Mr Hurst seeks to put his reliance on equity in a rather different way. He says that the effect of the provisions of this agreement are penal. What he really means by that is that (and I put it perhaps rather crudely) it just seems very unfair that, having failed to pay £40,000, he should lose the right to have these 100 shares, and that Harold Crampton Jun should now have the 400 shares. In my view, his argument about penalty is totally misplaced. This was a commercial bargain for the settlement of this dispute under which, if the terms of the bargain were kept to, he would receive 100 shares, and Harold Crampton Jun would get the 300 shares. But if the bargain was not kept to, Mr Hurst would not have the 100 shares and Harold Crampton Jun would have 400 shares.
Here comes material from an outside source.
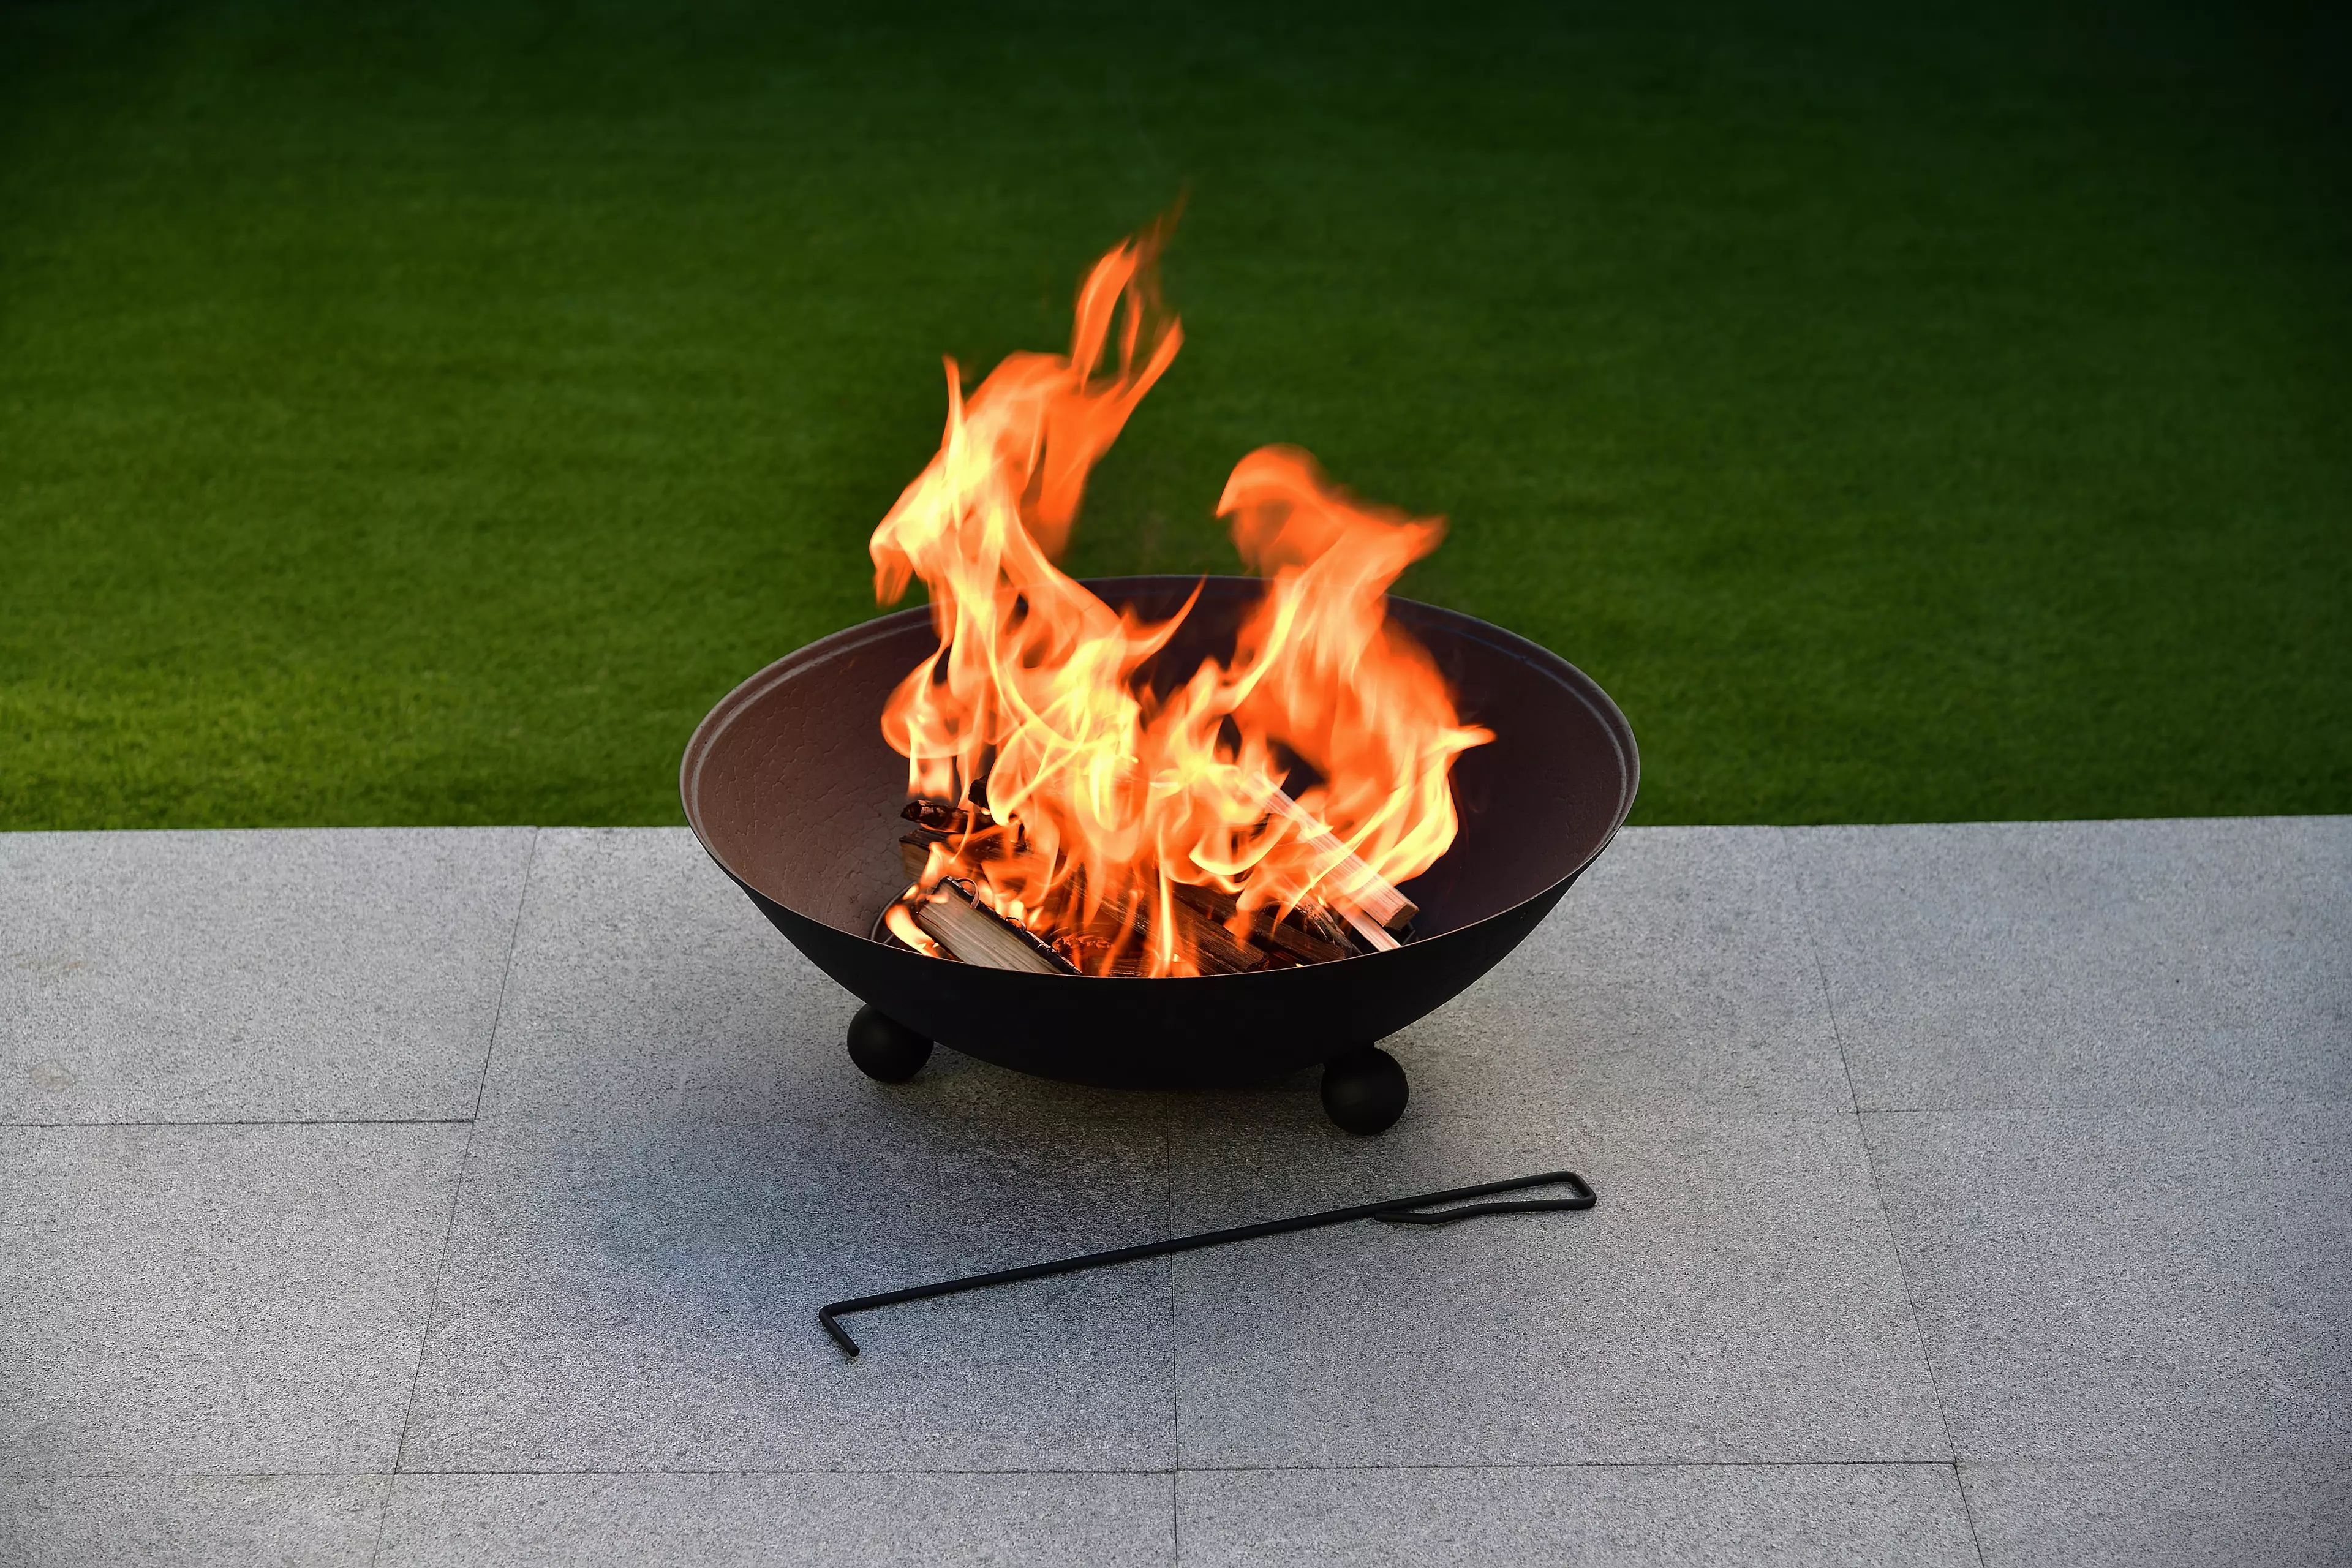 The Chicago Bowl fire pit (

As it seems to me, there is no prospect of persuading the Court of Appeal that equity would intervene on the basis that these provisions are penal.

21.

That leaves a final point in relation to the order that the judge actually made. The judge ordered specific performance of Mr Hurst's obligation under paragraph 8(3), and that term was a term under which Mr Hurst undertook that he would not object to or delay, and would procure that no other member of the company objects to or delays all of the issue of the shares being vested for nil consideration in Harold Crampton Jun. One notes that it was not that he would use best endeavours, reasonable endeavours or anything of that sort; it was that he will procure, and that is a bargain that he was able to enter into on 19 February, at which time he was confident that the extended members of the family that were on his side, would raise no objections and would allow the 400 shares to go to Harold Crampton Jr. Mr Hurst tells us that he argued before the judge, that the judge should not make orders which required him to procure third parties to do things, without evidence that the third parties would do what he would procure. As it seems to me that is putting the matter the wrong way round. There is no reason why the judge should not take the view that Mr Hurst would not have entered into this bargain unless he could procure what he said he could procure. Unless there was evidence that the circumstances had changed since the agreement had been made, which might affect whether an order for specific performance should be made, then the judge was entitled to make his order.

22.

It is right to say that Mr Hurst has sought in affidavits before us to suggest that circumstances have changed since the judge made the order. This judgment is already over-lengthy and it seems to me not right to go into the details of that because there are contentions on both sides as to exactly what it is that has happened since. All I need to say is that, if the circumstances have changed so that the order that the judge made is now one that cannot be complied with, then the right Tribunal to take that before is the judge himself, and Mr Hurst can make an application to the judge explaining how it is that the circumstances have changed.

23.

What all that leads to is that, in my judgment, Mr Hurst has not demonstrated that there is any reasonable prospect of persuading the Court of Appeal to reverse the decision of the judge on any matter. It follows that there is no basis on which any stay should be ordered, and in those circumstances, I would dismiss this application.

24.

LORD JUSTICE CHADWICK: I agree.

Order: application dismissed. No order for costs against Brabners. Harold Crampton Junior's costs assessed at £7,500, to be paid within 28 days.